> _How to complete this task_
Output the listing below verbatim, but drop the images.
BEGIN Given data
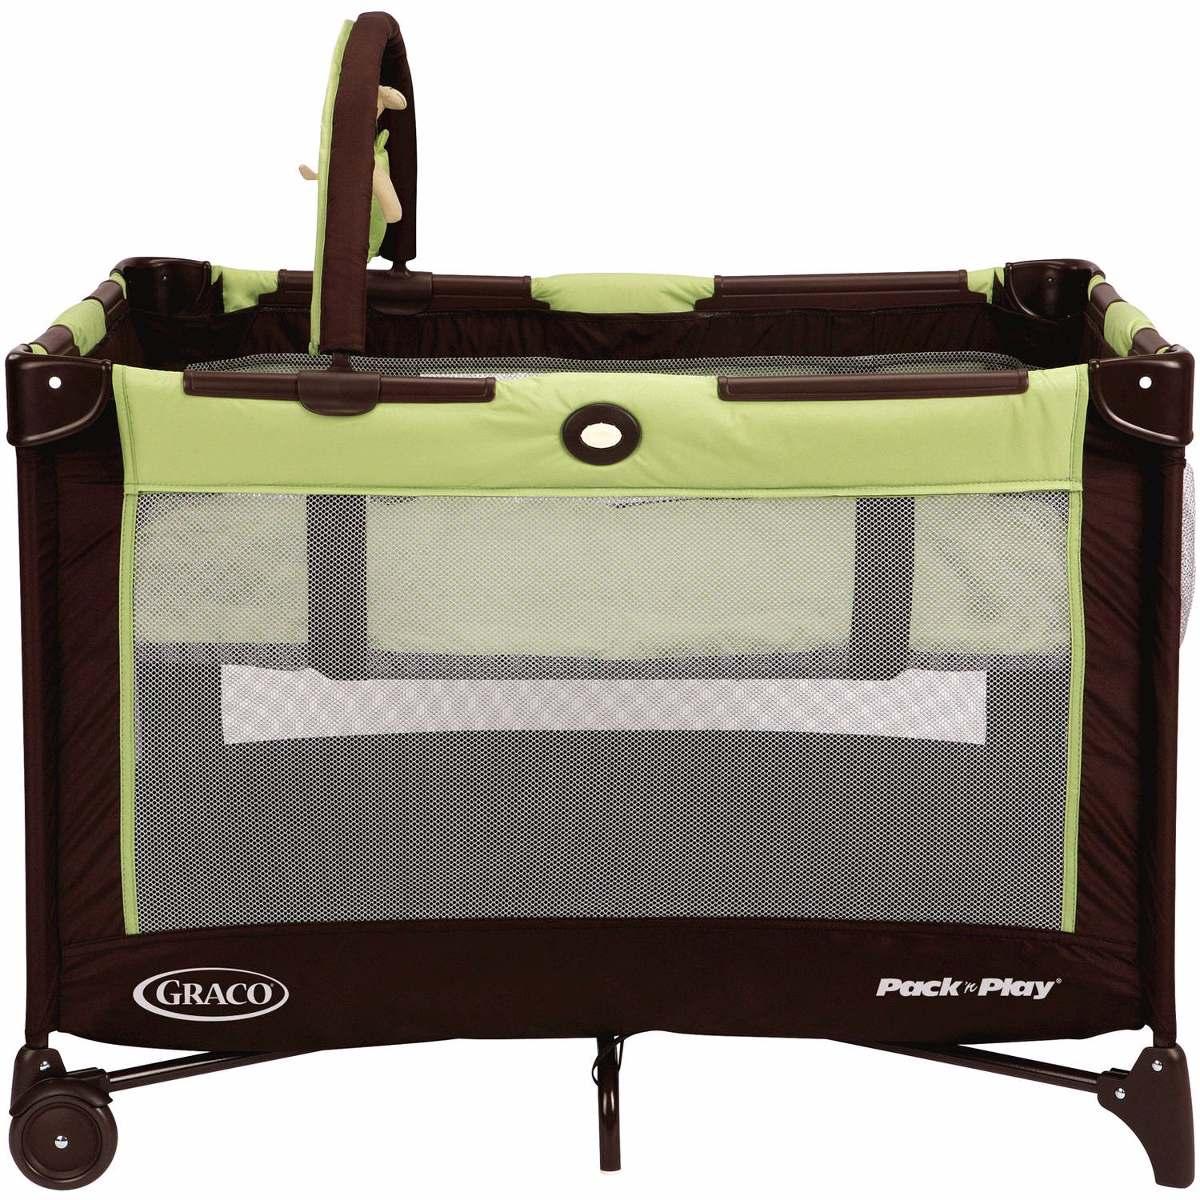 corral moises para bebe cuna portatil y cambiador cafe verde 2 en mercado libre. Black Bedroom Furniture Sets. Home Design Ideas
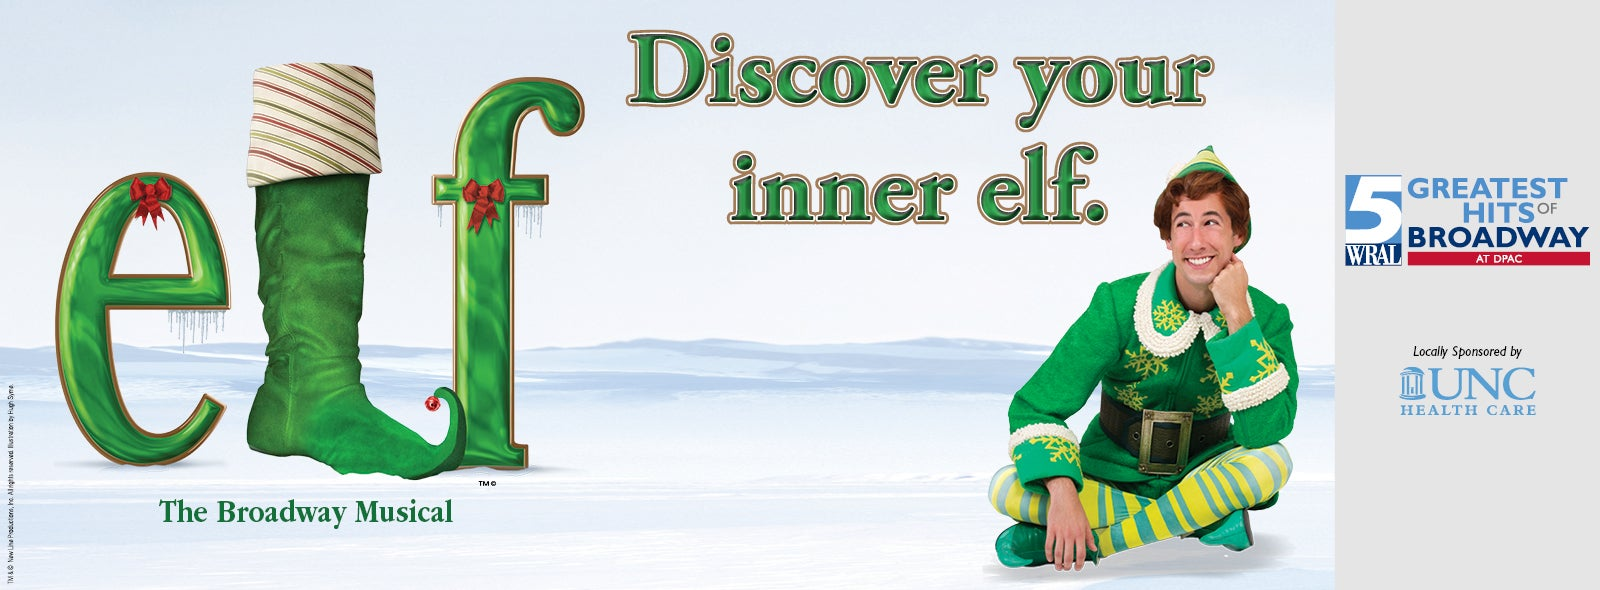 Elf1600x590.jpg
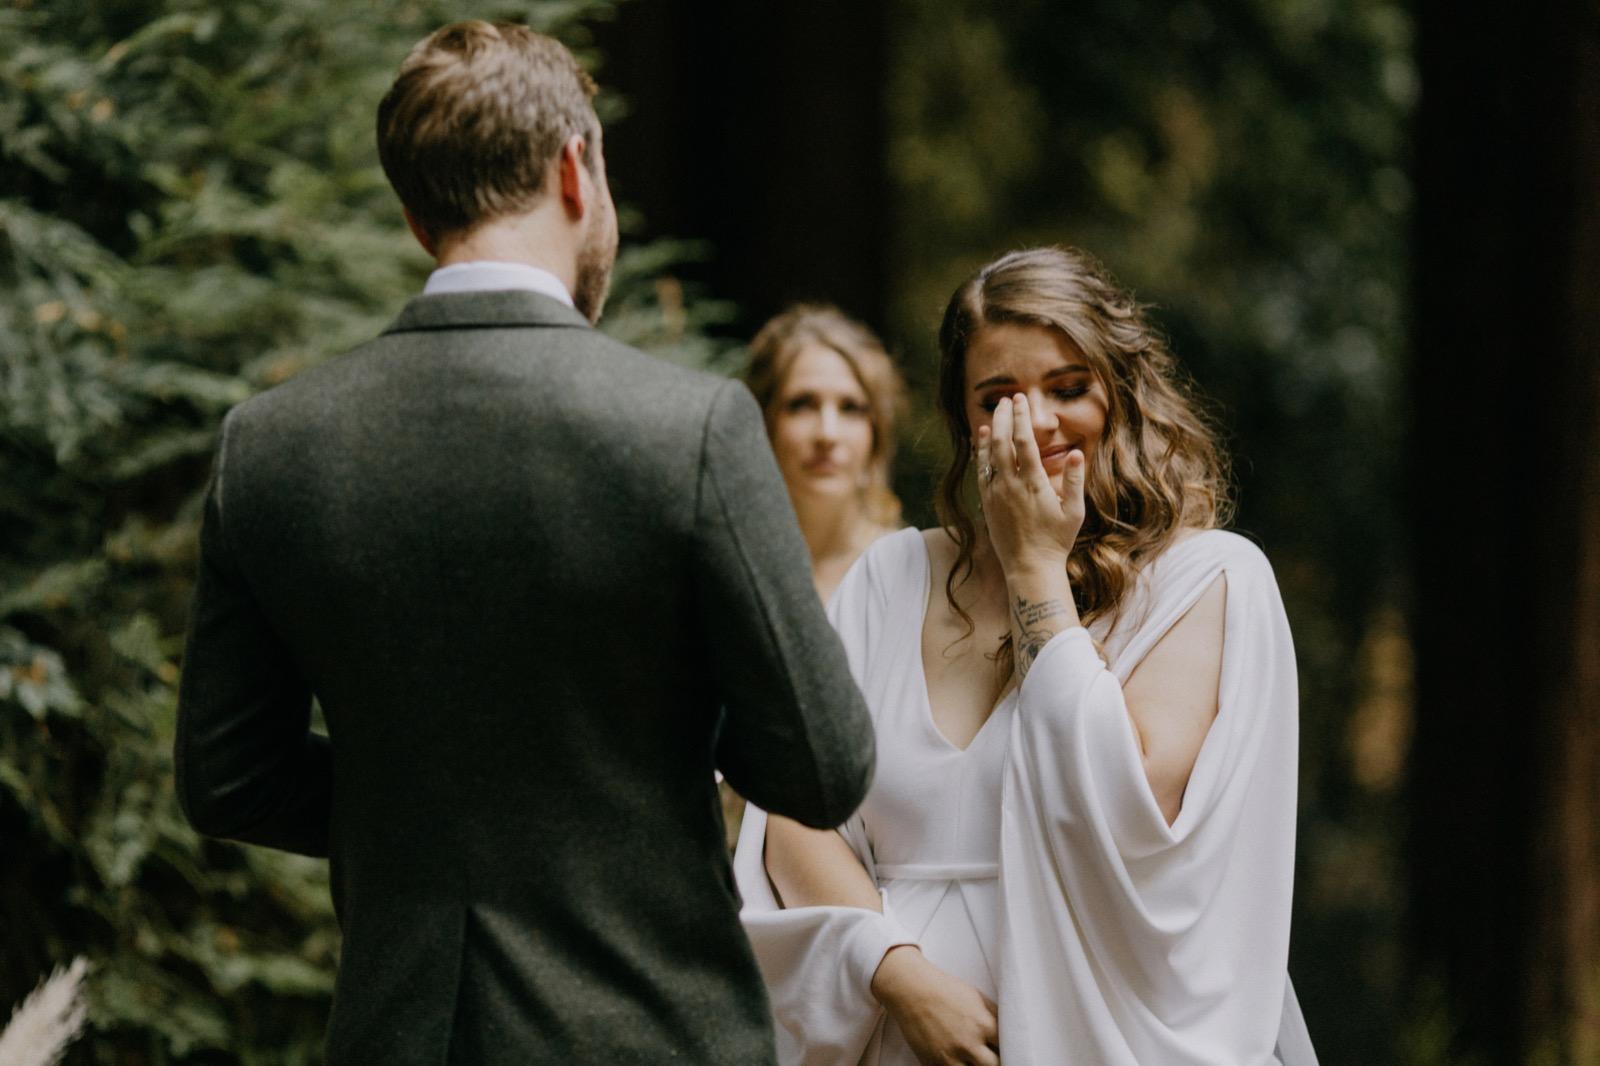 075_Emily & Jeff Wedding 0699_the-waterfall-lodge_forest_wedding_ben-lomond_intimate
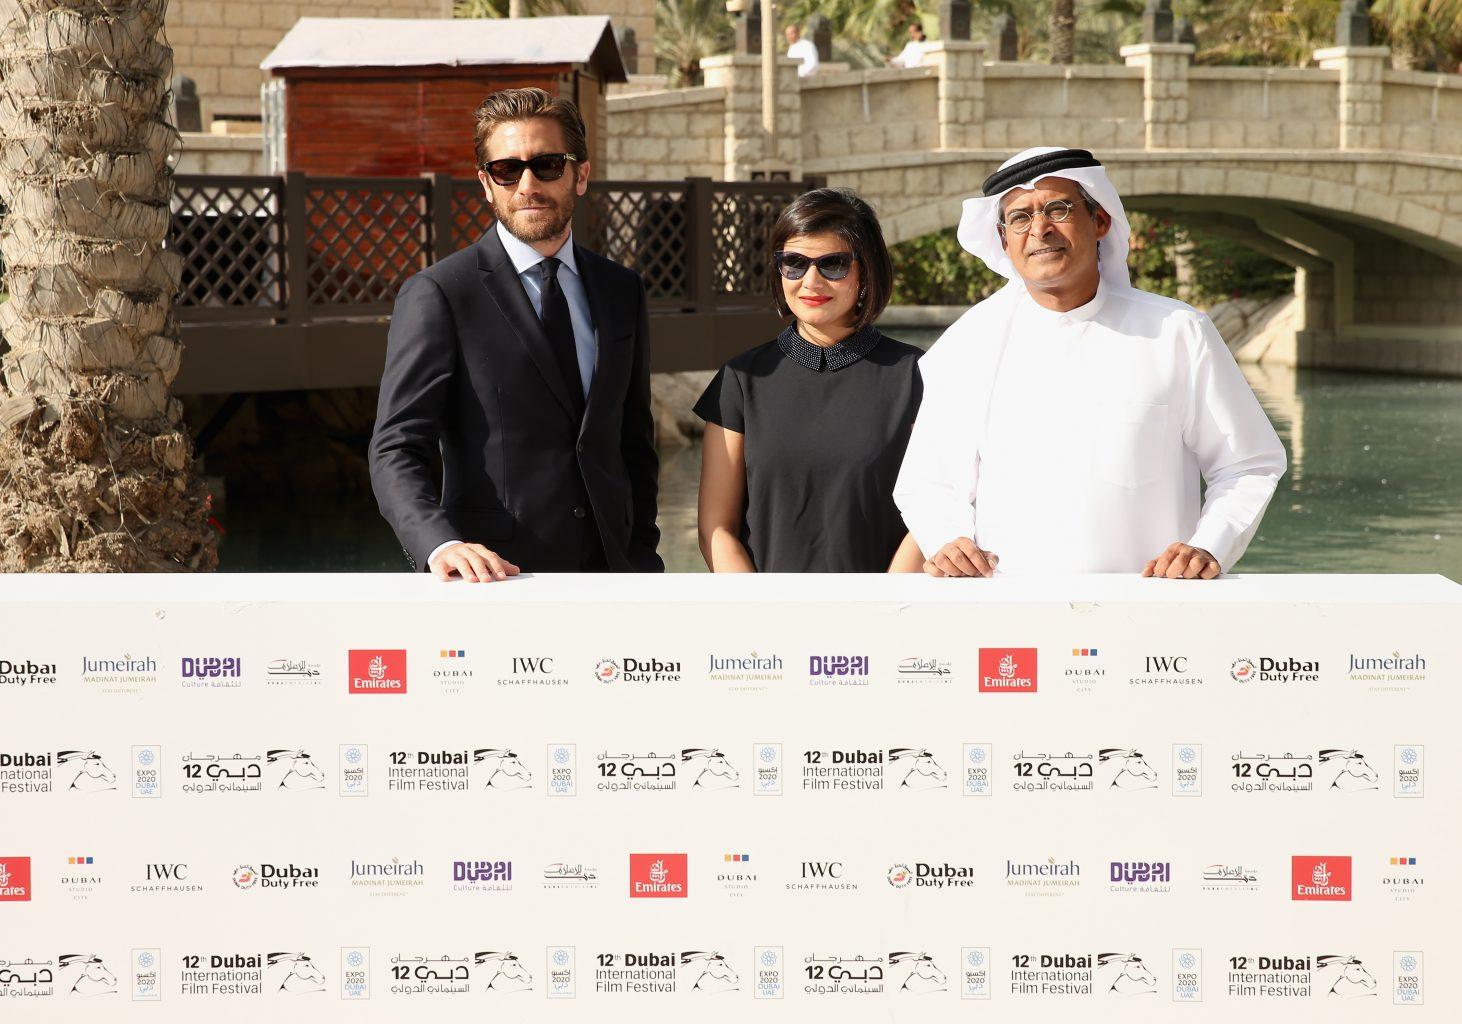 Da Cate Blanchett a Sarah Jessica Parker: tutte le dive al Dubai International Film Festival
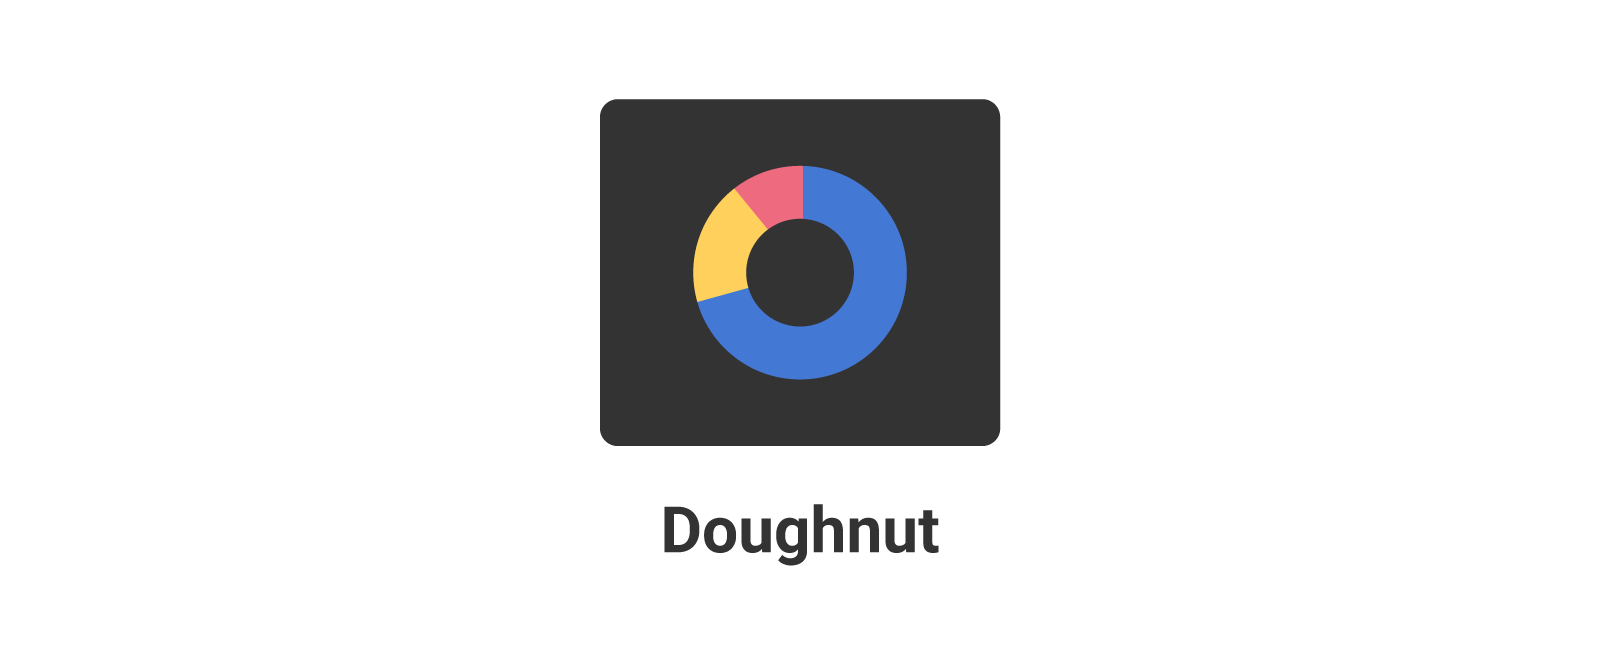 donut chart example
END Given data
> _Exercise response_
 corral moises para bebe cuna portatil y cambiador cafe verde 2 en mercado libre. Black Bedroom Furniture Sets. Home Design Ideas
 Elf1600x590.jpg
 075_Emily & Jeff Wedding 0699_the-waterfall-lodge_forest_wedding_ben-lomond_intimate
 Da Cate Blanchett a Sarah Jessica Parker: tutte le dive al Dubai International Film Festival
 donut chart example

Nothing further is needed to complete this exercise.